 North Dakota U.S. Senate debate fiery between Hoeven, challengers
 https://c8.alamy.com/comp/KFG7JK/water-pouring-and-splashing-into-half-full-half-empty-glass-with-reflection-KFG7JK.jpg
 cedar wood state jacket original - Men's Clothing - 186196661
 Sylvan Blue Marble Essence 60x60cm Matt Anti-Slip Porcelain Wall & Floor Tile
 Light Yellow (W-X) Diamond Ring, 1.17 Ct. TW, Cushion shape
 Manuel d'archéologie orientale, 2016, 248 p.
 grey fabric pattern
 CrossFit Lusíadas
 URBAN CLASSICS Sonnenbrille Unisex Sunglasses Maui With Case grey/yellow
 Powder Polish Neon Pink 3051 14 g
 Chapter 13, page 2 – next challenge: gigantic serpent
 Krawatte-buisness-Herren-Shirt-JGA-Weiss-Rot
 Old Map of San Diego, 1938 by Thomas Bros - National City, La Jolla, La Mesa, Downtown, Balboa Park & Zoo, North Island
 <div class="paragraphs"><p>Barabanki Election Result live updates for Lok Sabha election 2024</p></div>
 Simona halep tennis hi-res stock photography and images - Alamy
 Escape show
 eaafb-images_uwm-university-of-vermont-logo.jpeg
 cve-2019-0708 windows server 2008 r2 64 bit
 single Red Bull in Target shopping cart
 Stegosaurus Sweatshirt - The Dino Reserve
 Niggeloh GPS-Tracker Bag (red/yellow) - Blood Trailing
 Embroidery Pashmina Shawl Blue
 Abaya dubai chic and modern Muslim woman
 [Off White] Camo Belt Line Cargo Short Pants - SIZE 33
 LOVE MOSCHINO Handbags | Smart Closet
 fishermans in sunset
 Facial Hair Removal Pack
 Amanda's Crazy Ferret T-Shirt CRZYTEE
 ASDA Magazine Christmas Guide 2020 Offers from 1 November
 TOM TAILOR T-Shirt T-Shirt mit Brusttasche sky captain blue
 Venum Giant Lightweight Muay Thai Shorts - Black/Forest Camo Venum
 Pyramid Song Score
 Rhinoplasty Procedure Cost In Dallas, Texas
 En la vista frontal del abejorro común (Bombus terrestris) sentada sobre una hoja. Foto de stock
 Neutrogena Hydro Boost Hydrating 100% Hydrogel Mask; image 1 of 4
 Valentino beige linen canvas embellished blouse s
======
Exercise details
Among the entries above, find the line with "Embroidery Pashmina Shawl Blue" and the line with "ASDA Magazine Christmas"; give again exactly these two lines and all lines between them.

Task output
 Embroidery Pashmina Shawl Blue
 Abaya dubai chic and modern Muslim woman
 [Off White] Camo Belt Line Cargo Short Pants - SIZE 33
 LOVE MOSCHINO Handbags | Smart Closet
 fishermans in sunset
 Facial Hair Removal Pack
 Amanda's Crazy Ferret T-Shirt CRZYTEE
 ASDA Magazine Christmas Guide 2020 Offers from 1 November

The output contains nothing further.